Lyrically, Swift wrote "Wish List" to contrast between others' desires from life and hers; whereas others want to have material well-being and excesses (a "yacht life", "bright lights", a Palme d'Or, a contract with Real Madrid), she wants a life with her lover: "Have a couple kids/ got the whole block looking like you." Alexis Petridis of The Guardian summed up the content as "suburban domestic contentment", which reflected Swift's personal journey and resonated with her audiences who once related to songs like "Fifteen" and "Love Story" (2008).

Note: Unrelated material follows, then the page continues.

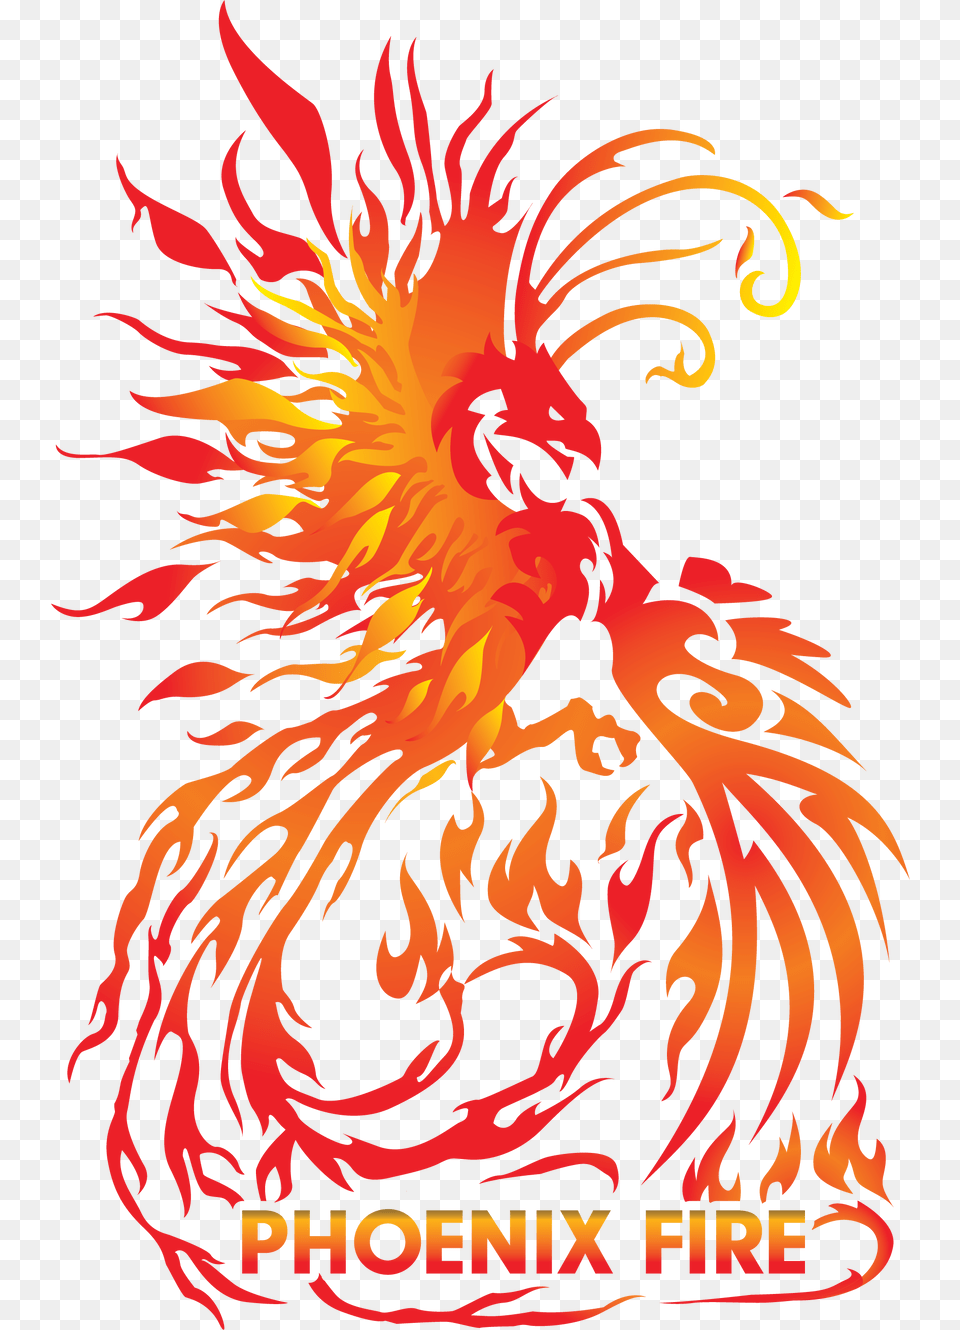 Phoenix Fire Logo Illustration, Outdoors, Nature, Mountain, Adult Free Transparent Png

Paste's Ellen Johnson argued that "Wish List" shared the same lyrical premise with "Lavender Haze" (2022) but had a different conclusion, while Ariana Brockington of Today.com described the song as a sequel to "So High School" (2024).

== Reception ==
In The New York Times, Lindsay Zoladz dubbed the track "dreamy", and Jon Caramanica deemed it the album's "poppiest track". Rolling Stones Rob Sheffield described "Wish List" as a "beautifully candid love song" and opined that the line, "Please God bring me a best friend who I think is hot", as Swift's version of Joni Mitchell's lyric, "Send me somebody who's strong and somewhat sincere." Alan Light of Esquire considered the track "pleasant but minor".

Several critics took issue the lyrics about wanting to settle down and having children, interpreting them as Swift embodying and promoting the "tradwife" idea. Several journalists, as well as the actress Ruby Rose, defended Swift and criticized this discourse as ridiculous or point-missing. In their ranking of 101 moments of 2025, Pitchfork assigned the lyric "I got the whole block looking like you" a 3.4 score.

== Personnel ==
Credits are adapted from the liner notes of The Life of a Showgirl.

=== Studios ===
- Produced at MXM Studios and Shellback Studios, Stockholm
- Recorded at Shellback Studios, Stockholm
- Mixed at MixStar Studios, Virginia Beach
- Mastered at Sterling Sound, Edgewater, New Jersey

=== Personnel ===
- Taylor Swift – lead vocals, songwriting, production
- Max Martin – production, songwriting, keyboards, recording
- Shellback – production, songwriting, programming, bass, guitar, keyboards, percussion, recording
- Anders Pettersson – pedal steel guitar
- Lasse Mårtén – recording, engineering
- Serban Ghenea – mixing
- Bryce Bordone – assistant mixing
- Randy Merrill – mastering

== Charts ==

Chart performance
| Chart (2025) | Peak position |
|---|---|
| Argentina Hot 100 (Billboard) | 56 |
| Australia (ARIA) | 9 |
| Brazil Hot 100 (Billboard) | 47 |
| Canada Hot 100 (Billboard) | 9 |
| Czech Republic Singles Digital (ČNS IFPI) | 27 |
| Denmark (Tracklisten) | 17 |
| Finland (Suomen virallinen lista) | 34 |
| France (SNEP) | 56 |
| Germany (GfK) | 57 |
| Global 200 (Billboard) | 7 |
| Greece International (IFPI) | 8 |
| Hong Kong (Billboard) | 20 |
| Iceland (Tónlistinn) | 14 |
| India International (IMI) | 9 |
| Italy (FIMI) | 79 |
| Latvia Streaming (LaIPA) | 11 |
| Lithuania (AGATA) | 31 |
| Luxembourg (Billboard) | 11 |
| Malaysia (Billboard) | 13 |
| Malaysia International (RIM) | 15 |
| Middle East and North Africa (IFPI) | 19 |
| New Zealand (Recorded Music NZ) | 10 |
| Norway (IFPI Norge) | 18 |
| Philippines (IFPI) | 8 |
| Philippines (Philippines Hot 100) | 6 |
| Poland (Polish Streaming Top 100) | 46 |
| Portugal (AFP) | 9 |
| Singapore (RIAS) | 7 |
| Slovakia Singles Digital (ČNS IFPI) | 46 |
| Spain (Promusicae) | 26 |
| Sweden (Sverigetopplistan) | 13 |
| United Arab Emirates (IFPI) | 8 |
| UK Singles Sales (OCC) | 92 |
| UK Streaming (OCC) | 12 |
| UK Video Streaming (OCC) | 31 |
| US Billboard Hot 100 | 6 |
| US Adult Pop Airplay (Billboard) | 33 |
| US Pop Airplay (Billboard) | 39 |

==Certifications==

Certifications
| Region | Certification | Certified units/sales |
| Australia (ARIA) | Gold | 35,000^{‡} |
| Brazil (Pro-Música Brasil) | Platinum | 40,000^{‡} |
| Canada (Music Canada) | Platinum | 80,000^{‡} |
| New Zealand (RMNZ) | Gold | 15,000^{‡} |
| United Kingdom (BPI) | Silver | 200,000^{‡} |
^{‡} Sales+streaming figures based on certification alone.